╭─ DATASET EXTRACT

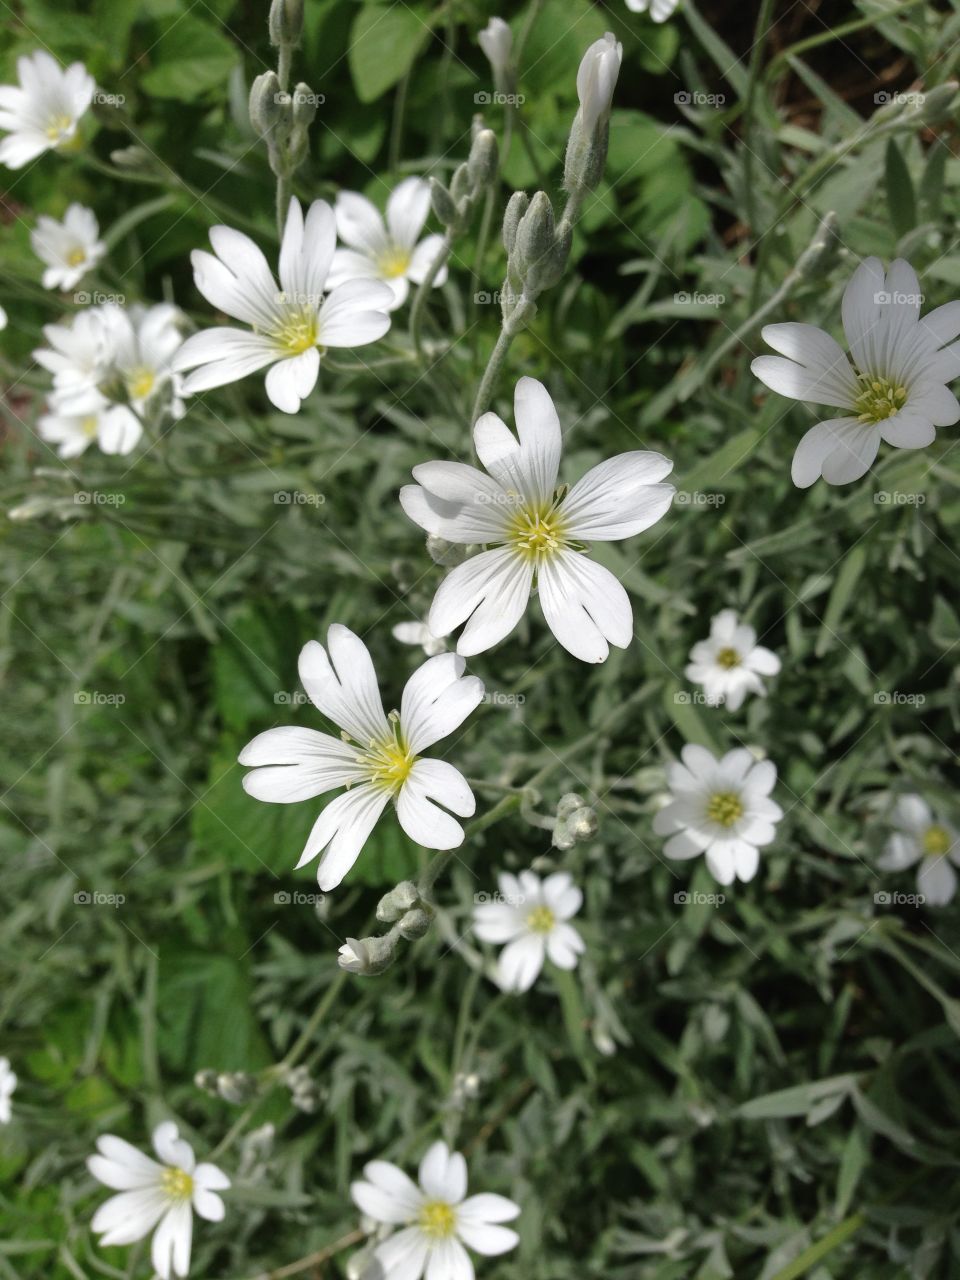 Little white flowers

╰─
╭─ DATASET EXTRACT

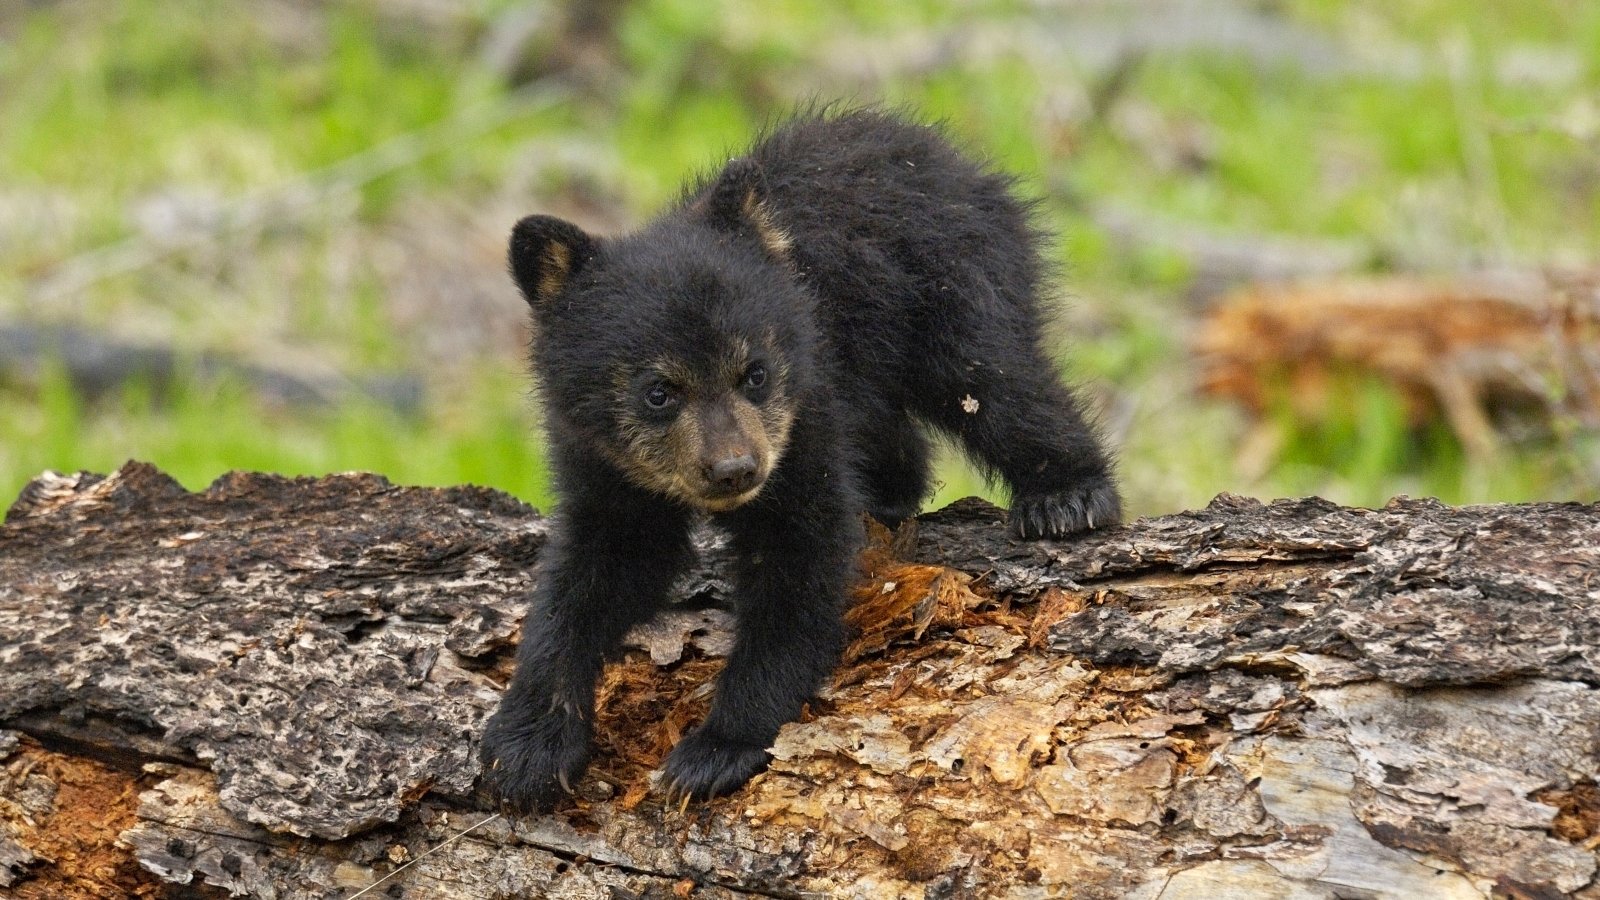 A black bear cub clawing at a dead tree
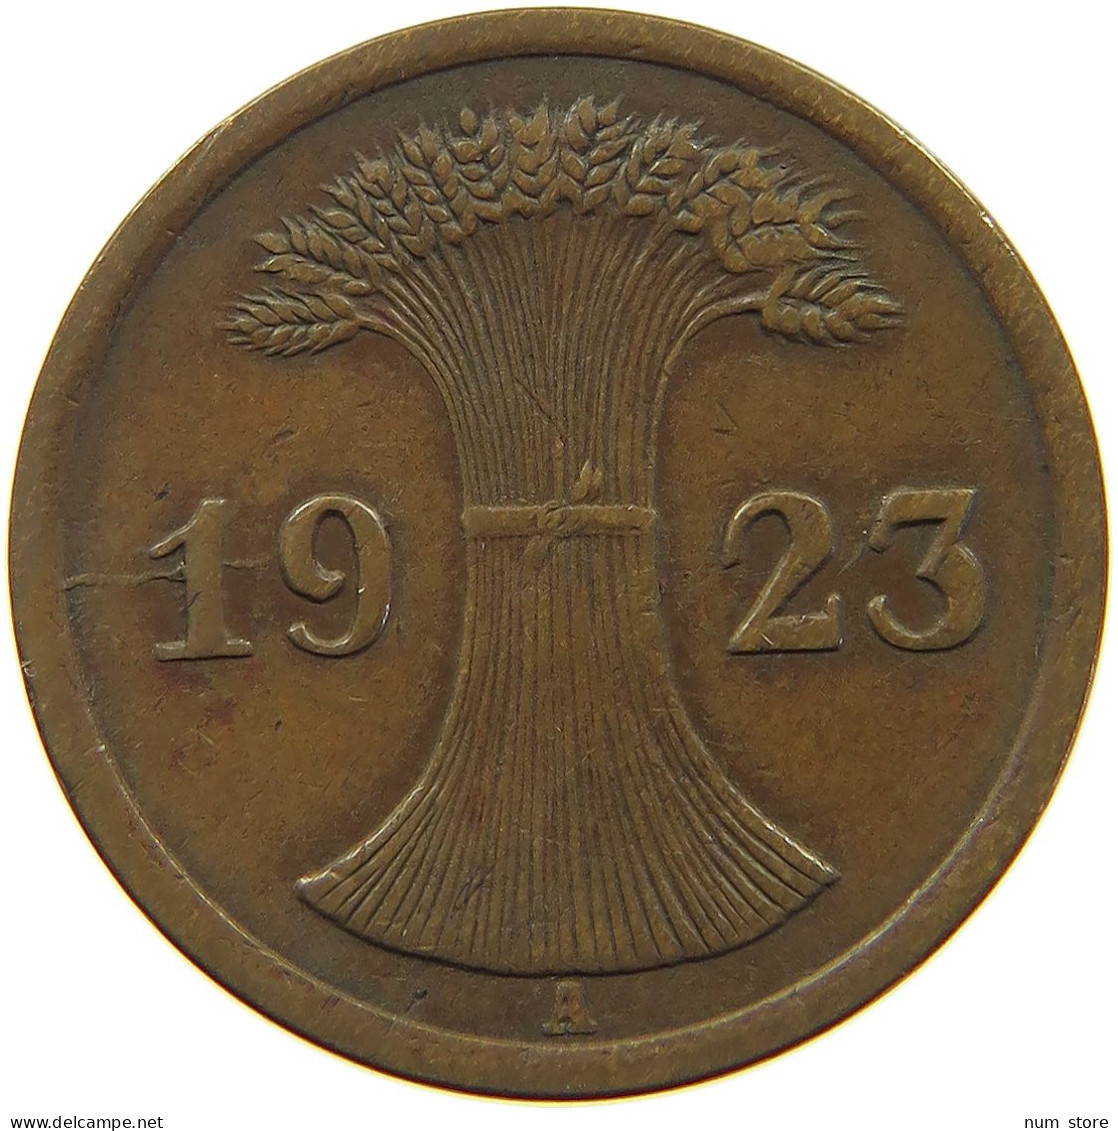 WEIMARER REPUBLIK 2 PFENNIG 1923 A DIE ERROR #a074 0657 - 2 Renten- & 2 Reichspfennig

╰─
╭─ DATASET EXTRACT

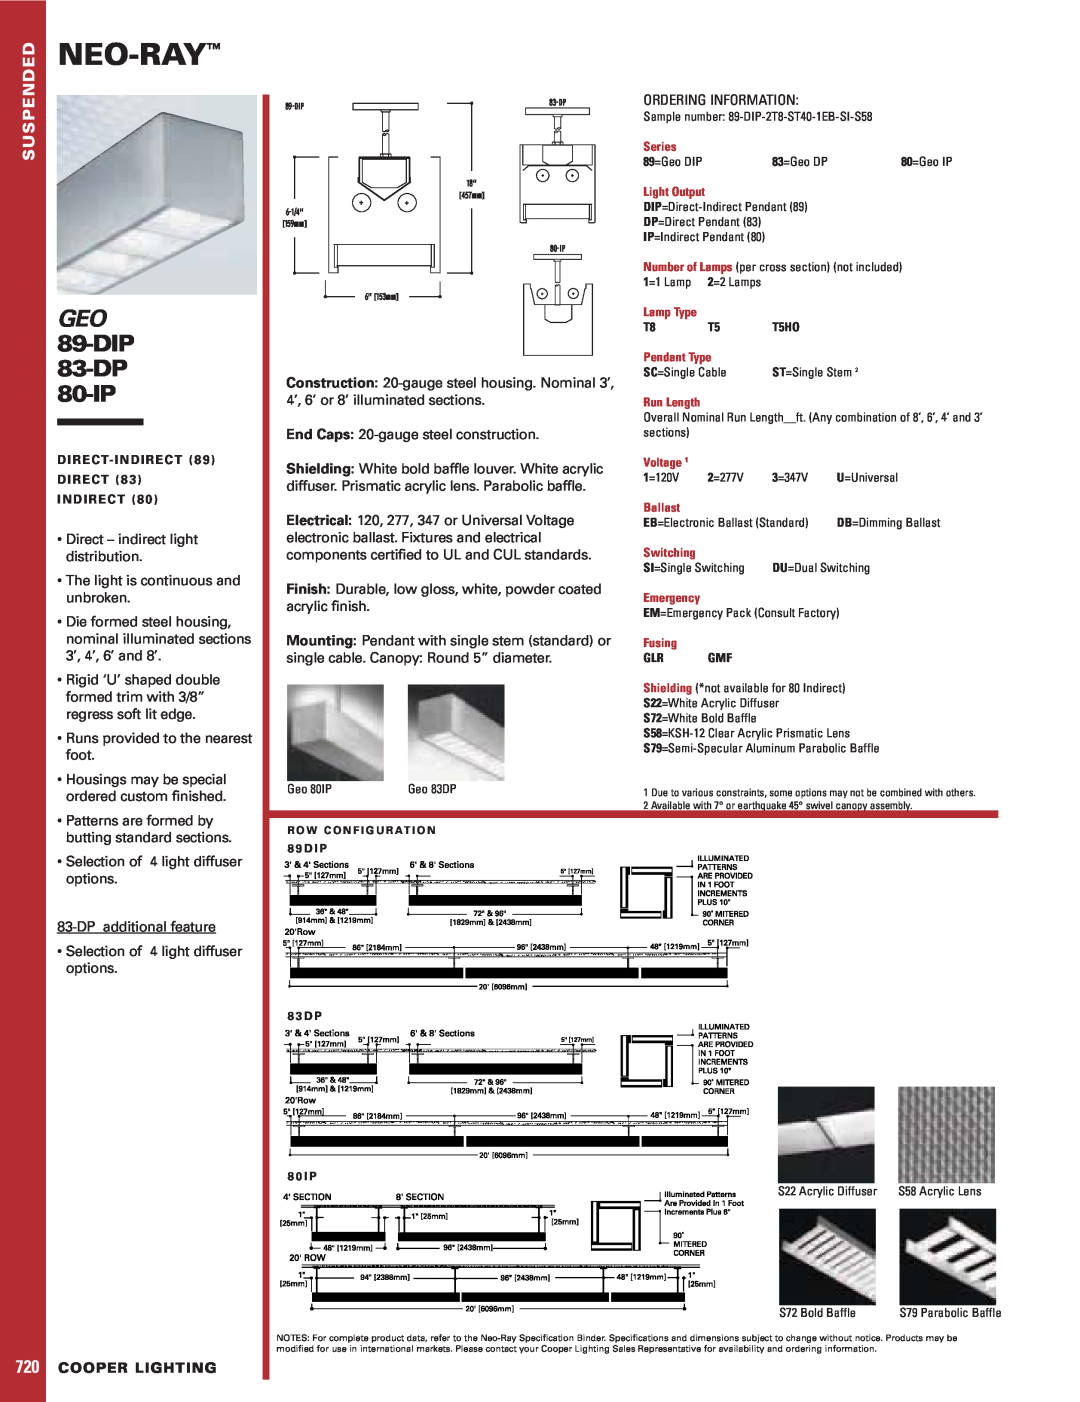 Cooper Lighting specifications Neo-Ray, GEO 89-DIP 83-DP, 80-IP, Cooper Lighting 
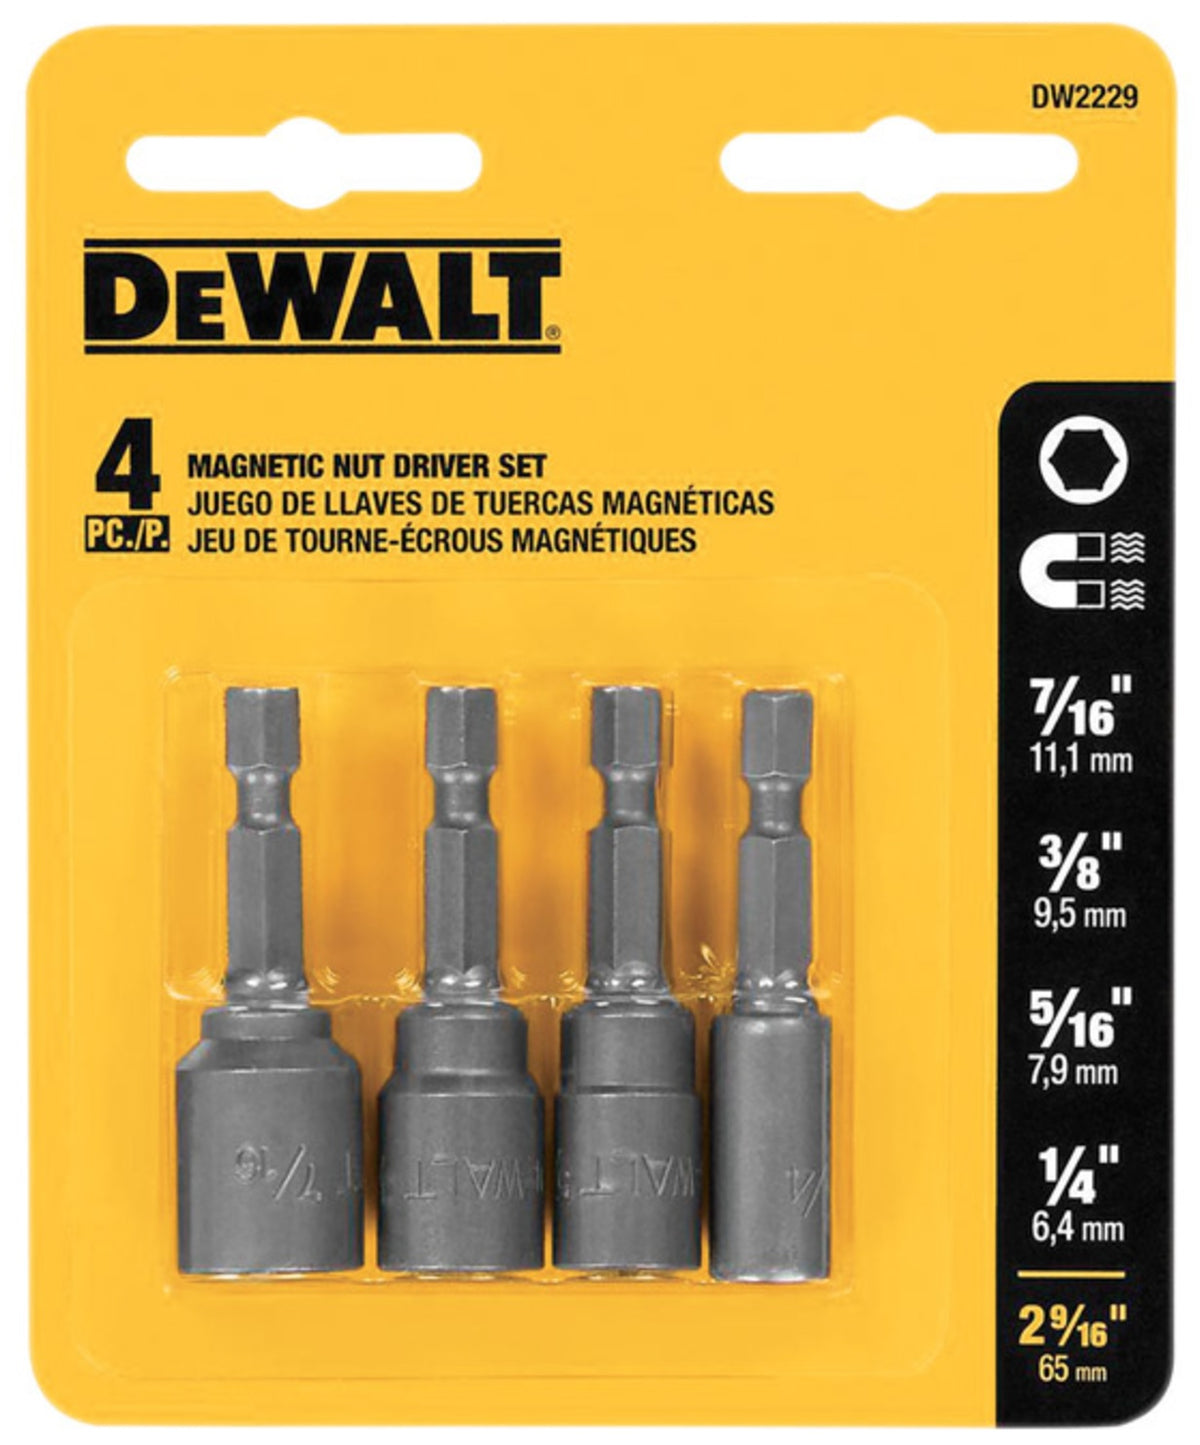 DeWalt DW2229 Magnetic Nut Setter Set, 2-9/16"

╰─

The answer should consist only of the lines above from the one with "A black bear cub clawing at a dead tree" through the one with "WEIMARER REPUBLIK 2", repeated exactly, with no pictures among them.

 A black bear cub clawing at a dead tree
 WEIMARER REPUBLIK 2 PFENNIG 1923 A DIE ERROR #a074 0657 - 2 Renten- & 2 Reichspfennig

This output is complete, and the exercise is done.